> **Task prompt**
From the data below, please reproduce exactly everything from the line that contains "Sayan name meaning" down to the line that contains "Портативна Bluetooth блютуз", with both ends included.

== Supplied material

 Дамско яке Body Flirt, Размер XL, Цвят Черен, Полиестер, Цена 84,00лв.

====
== Supplied material

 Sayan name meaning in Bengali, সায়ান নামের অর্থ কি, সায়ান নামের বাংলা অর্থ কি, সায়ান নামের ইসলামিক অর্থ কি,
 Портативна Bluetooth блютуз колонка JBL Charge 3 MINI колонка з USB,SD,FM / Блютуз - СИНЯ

====
== Supplied material

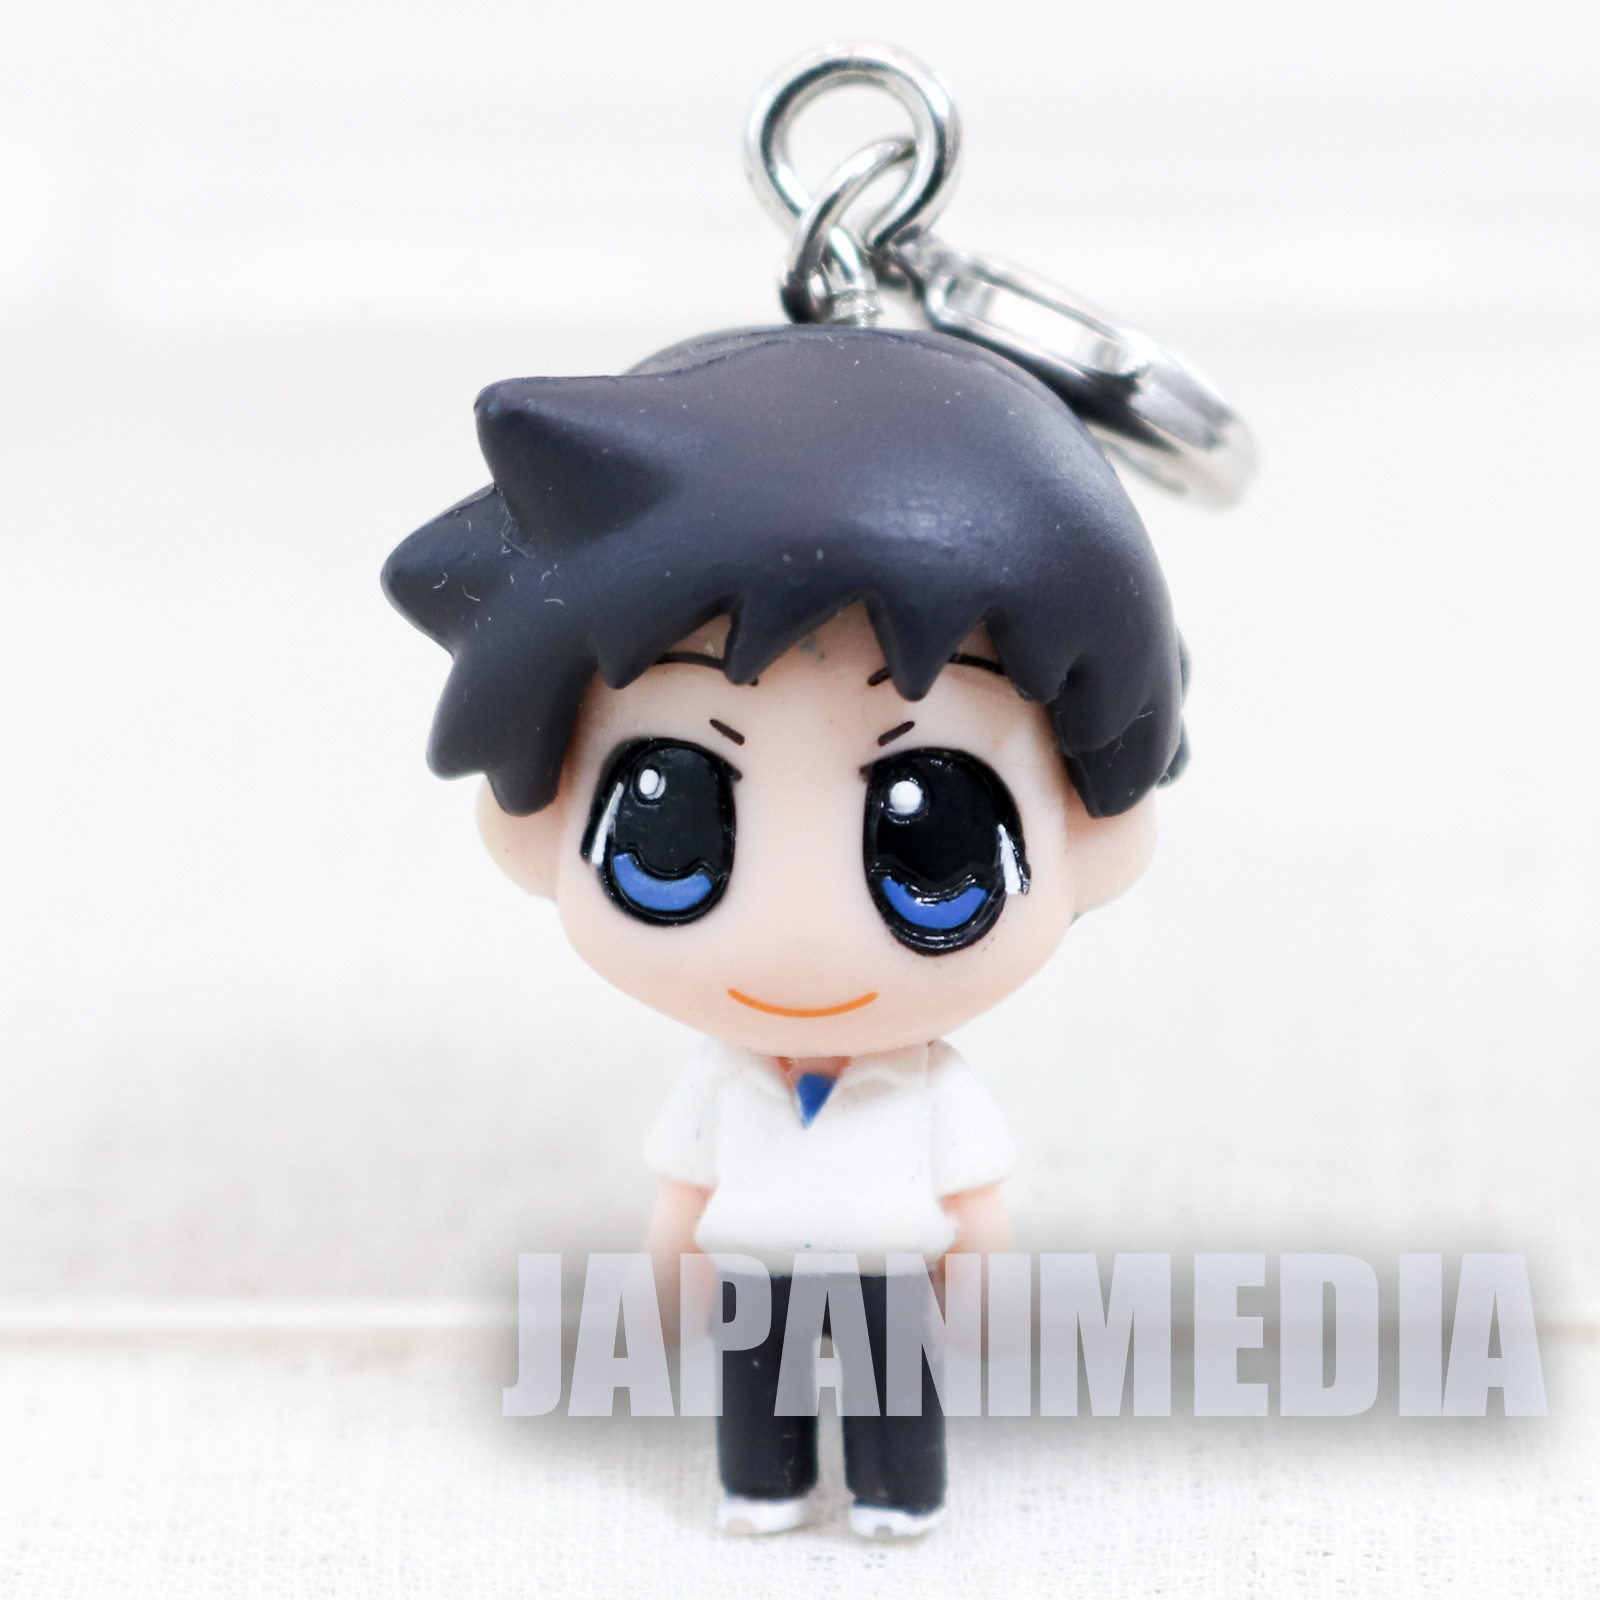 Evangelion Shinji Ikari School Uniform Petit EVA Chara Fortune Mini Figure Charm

====

> **Written reply**
 Sayan name meaning in Bengali, সায়ান নামের অর্থ কি, সায়ান নামের বাংলা অর্থ কি, সায়ান নামের ইসলামিক অর্থ কি,
 Портативна Bluetooth блютуз колонка JBL Charge 3 MINI колонка з USB,SD,FM / Блютуз - СИНЯ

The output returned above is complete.